Chromosome elimination in interspecific hybrids is a powerful tool in breeding programs. Of 12 Brazilian oat varieties recommended for cultivation in southern Brazil, one variety, UFRGS 15, presented a new type of chromosome elimination never described in any other species. Chromosomes that produced micronuclei during meiosis were eliminated from microspores as microcytes. The micronucleus reached the microspore wall and formed a kind of bud, separated from the microspore. The eliminated microcytes gave origin to small and sterile pollen grains. The possible applications of this finding for oat breeding are discussed.

Eliminação de cromossomos em híbridos interespecíficos é uma ferramenta poderosa em programas de melhoramento. Entre 12 variedades brasileiras de aveia recomendadas para cultivo na região Sul, uma (UFRGS 15) apresentou um tipo de eliminação cromossômica nunca antes descrita em outra espécie.
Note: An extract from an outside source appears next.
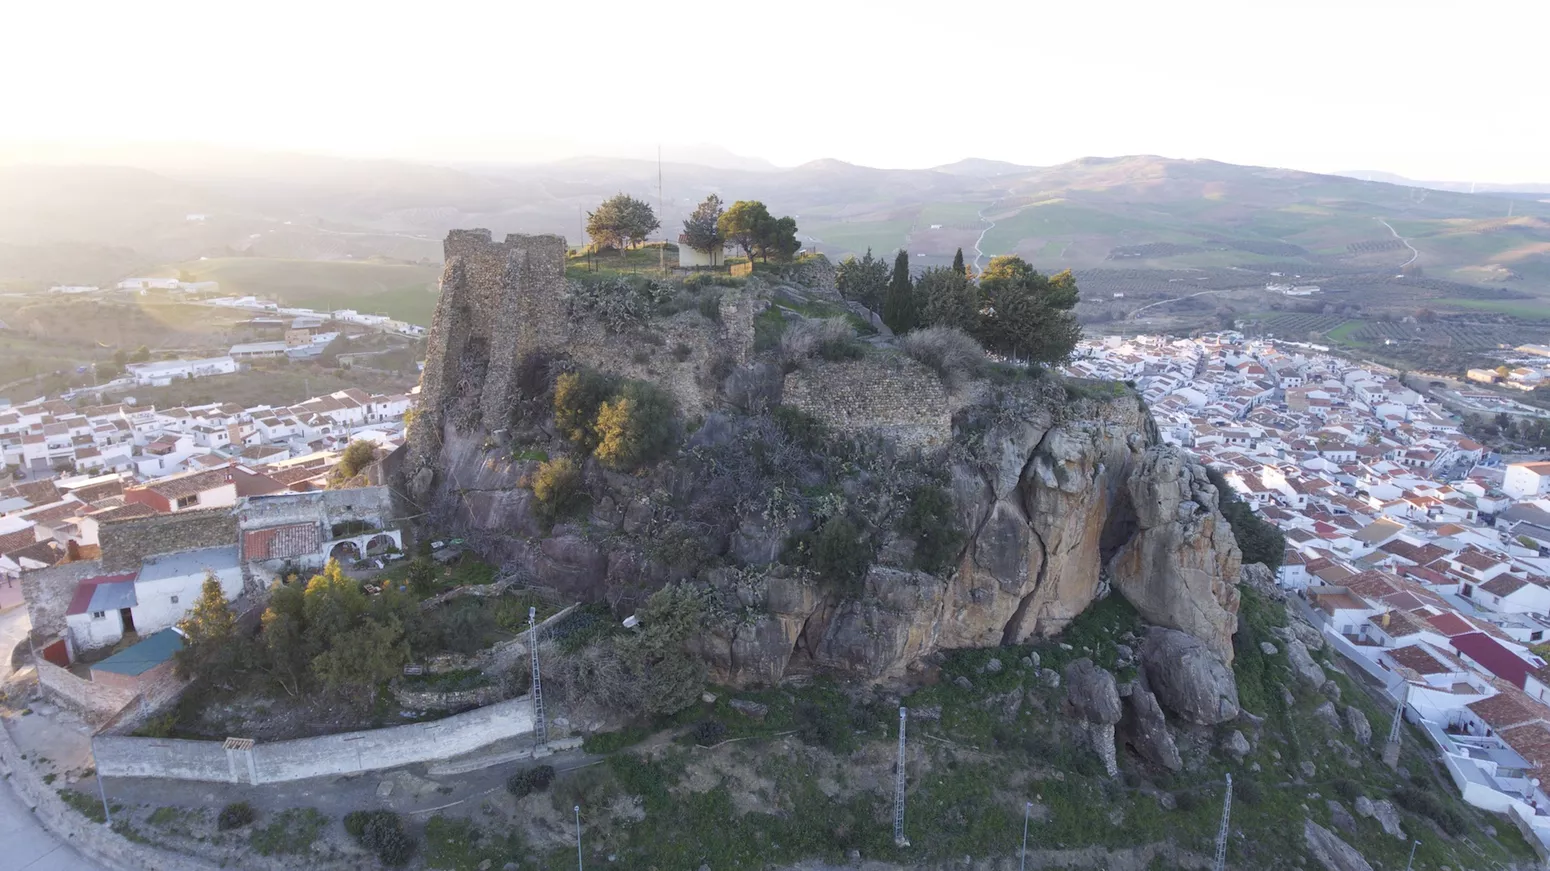 Strategic castle on a hill: Castillo de la Peña

Cromossomos que deram origem a micronúcleos durante a meiose foram eliminados do micrósporo como micrócito. O micronúcleo aproximava-se da parede do micrósporo, formava um tipo de brotamento e sofria separação do micrósporo. Os micrócitos eliminados deram origem a grãos de pólen pequenos e estéreis. As possíveis aplicações deste achado para o melhoramento de aveia são discutidas.

Elimination of micronuclei from microspores in a Brazilian oat (Avena sativa L.) variety

Flávia Roseli Baptista-Giacomelli¹, Maria Suely Pagliarini¹ and Juliano Luiz de Almeida²

¹

Send correspondence to M.S.P. E-mail: mspagliarini@uem.br

²Cooperativa Agrária Mista de Entre Rios, Guarapuava, PR, Brasil.

ABSTRACT

Chromosome elimination in interspecific hybrids is a powerful tool in breeding programs. Of 12 Brazilian oat varieties recommended for cultivation in southern Brazil, one variety, UFRGS 15, presented a new type of chromosome elimination never described in any other species. Chromosomes that produced micronuclei during meiosis were eliminated from microspores as microcytes. The micronucleus reached the microspore wall and formed a kind of bud, separated from the microspore. The eliminated microcytes gave origin to small and sterile pollen grains. The possible applications of this finding for oat breeding are discussed.

INTRODUCTION

The genus Avena L. (Poaceae) has a basic chromosome number x = 7 and contains diploid, tetraploid and hexaploid species. Avena sativa, the cultivated and most important commercial oat, is a hexaploid species (2n = 6x = 42) with an AACCDD genomic constitution. In general, A-type genomes of diploid species show metacentric chromosomes, whereas in C-type genomes most chromosomes are subterminal. It is generally believed that hexaploid oats originated by tetraploidization of A. maroccana and A. murphyi, both with AC-type genomes (Leggett, 1984), while the origin of the D-type genome in hexaploid oats remains unknown.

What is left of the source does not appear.